Not that any of that is likely to do you any good. Even the credit card number would only get you through to the same person who keeps trying to get me to pay off my overdraft.

Information brokers of the species we describe here use lots of questionable methods to gather their data. It's no coincidence that the notorious hacker Kevin Mitnick once had a steady job in the office of a private investigator - and I don't think he was answering phones or going for the doughnuts.

The problem, simply put, has two dimensions:

One, never in the history of civilisation has so much been recorded so routinely about so many. And all that information sits on computers, computers that are often connected to public networks.

Two, the authorities, particularly the American authorities who ride herd over Silicon Valley and other hi-tech geographies, refuse to allow the public access to strong encryption.
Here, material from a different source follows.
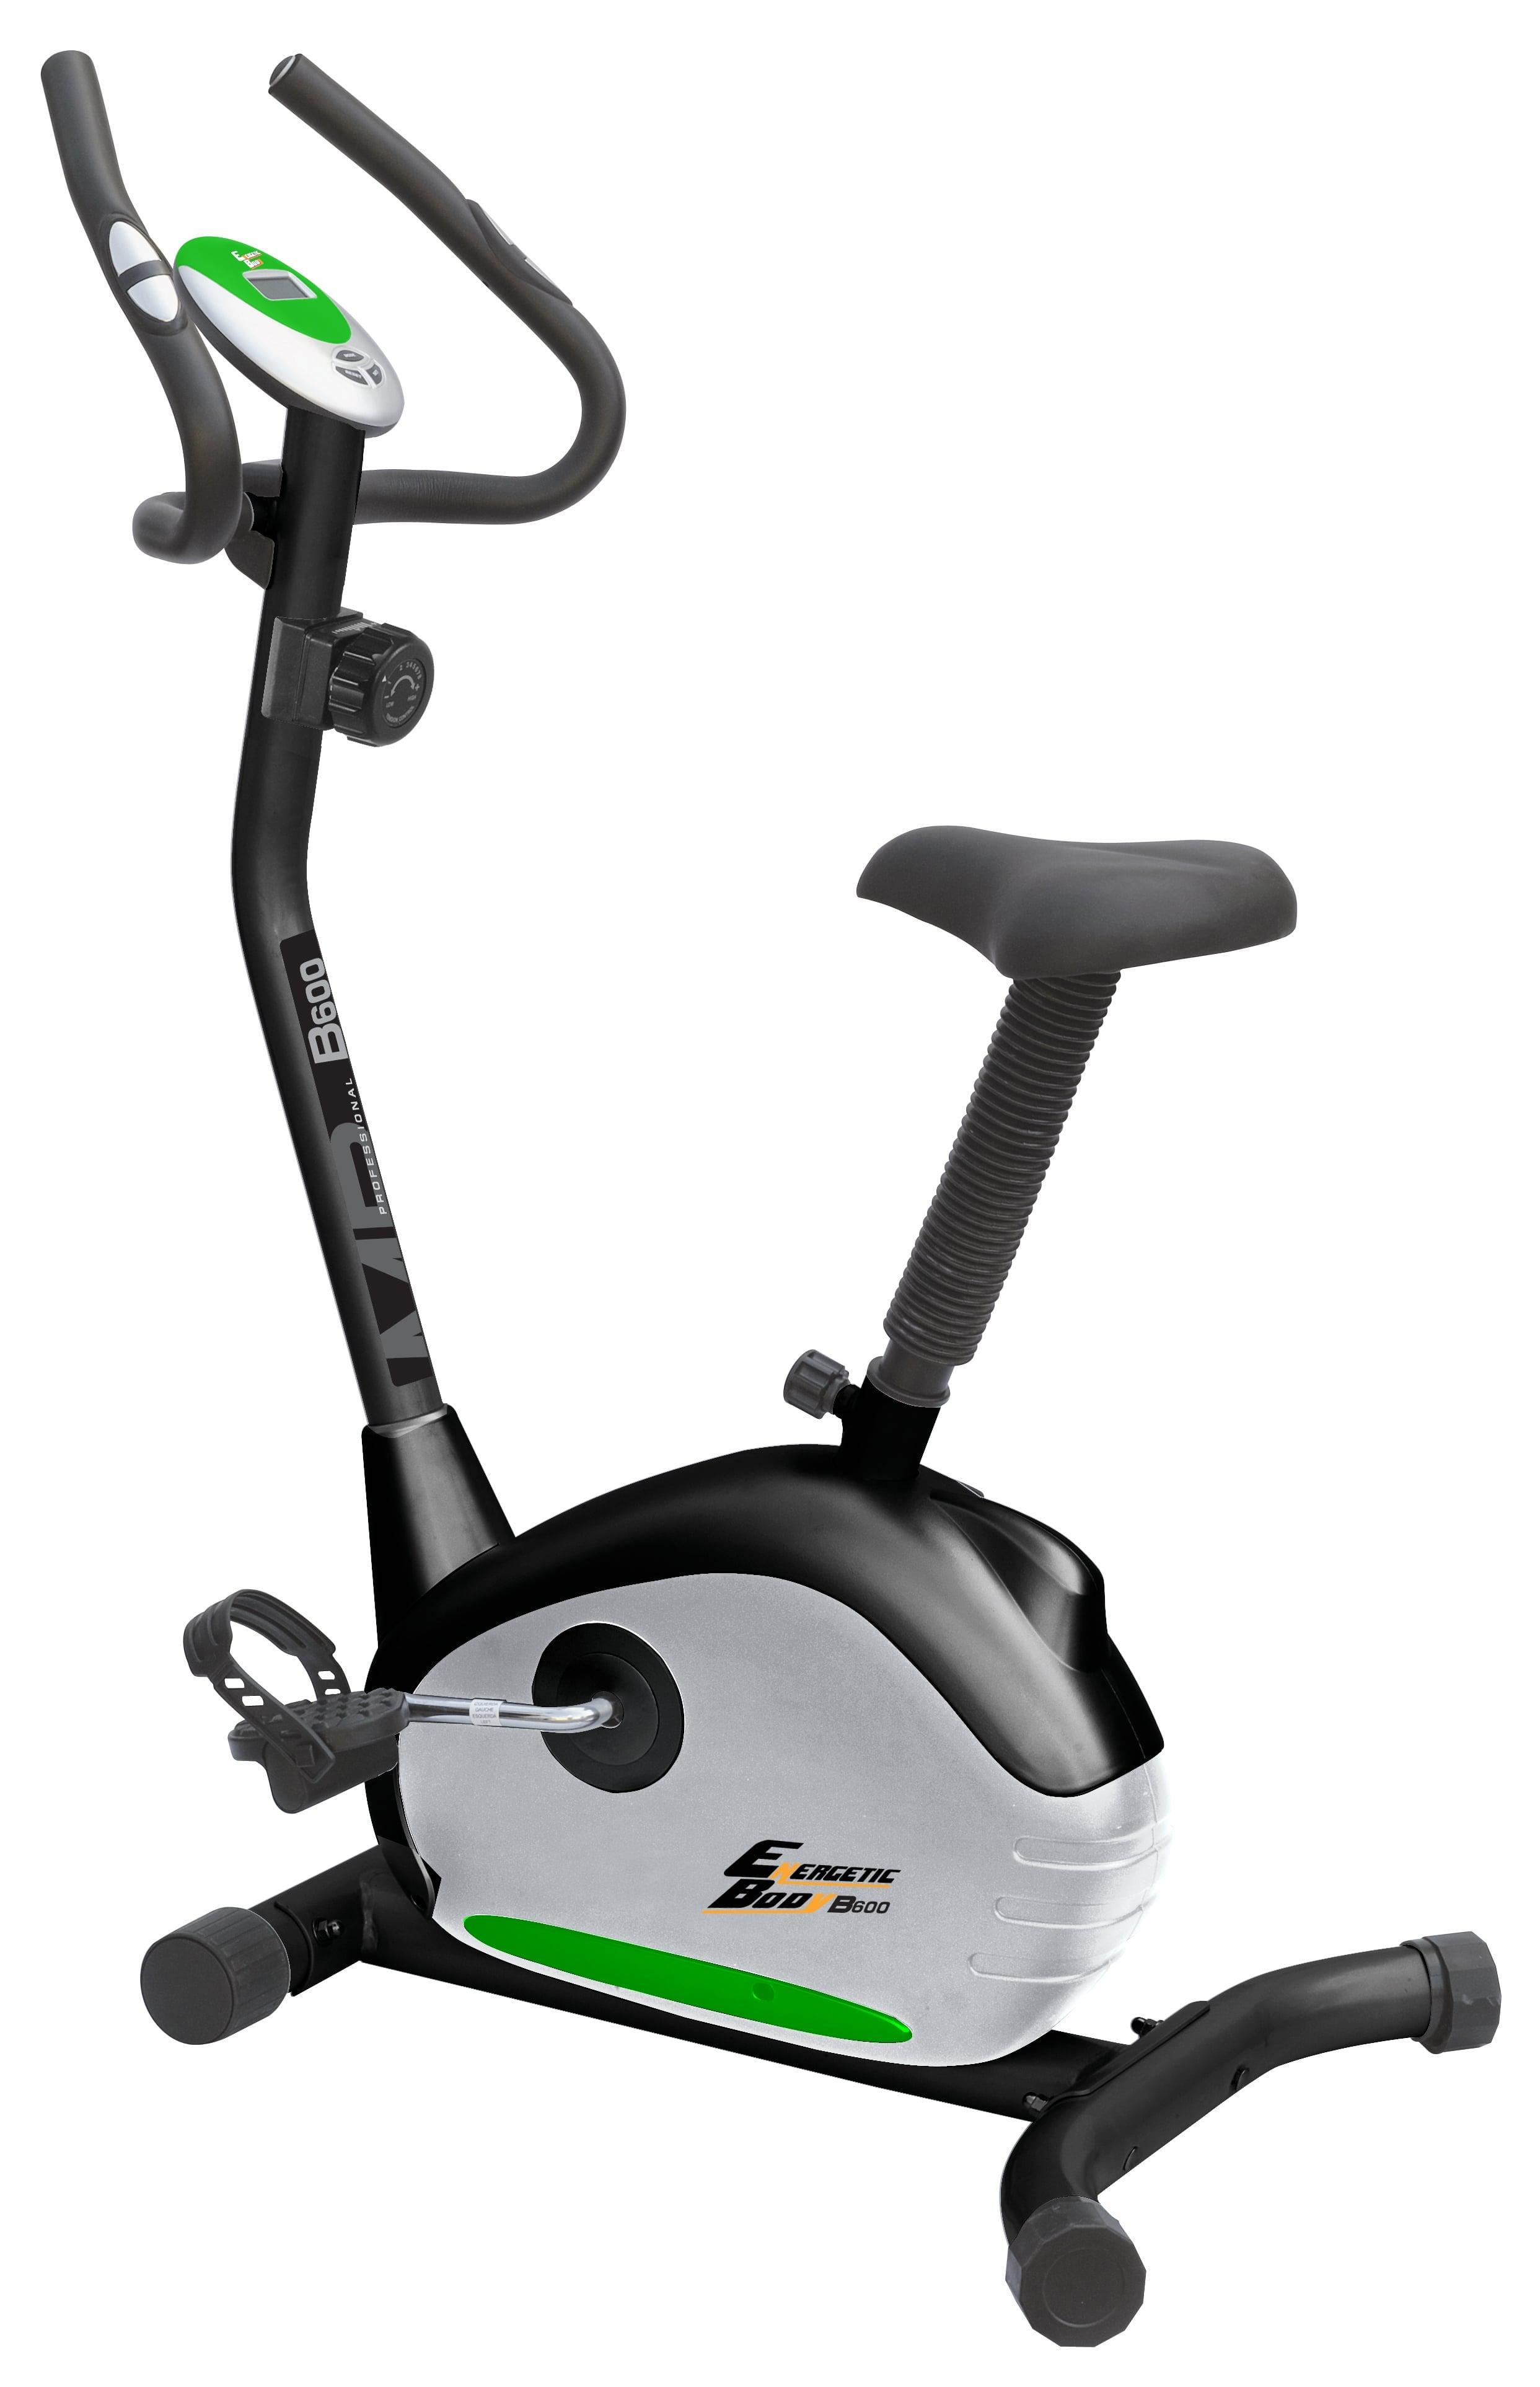 Магнитный велотренажёр B600 Energetic Body

If all my records were routinely encrypted, there would be one big, tough, mother-of-all-encrypted-roadblocks in the way of the sleazebags who traffic in this stuff.

Encryption might not stop them completely, but cracking encryption is very expensive - so expensive that even corporate attorneys might think twice about routinely rummaging through people's personal records, looking for a cheap way to take out an opponent.

Making encryption illegal only denies it to the law-abiding citizens. Criminals and others willing to play loose with the law, such as some attorneys and the digital bottom-feeders they support, have the upper hand in a world sans strong encryption.

Ethics and morals may not stop this crowd, but money certainly will.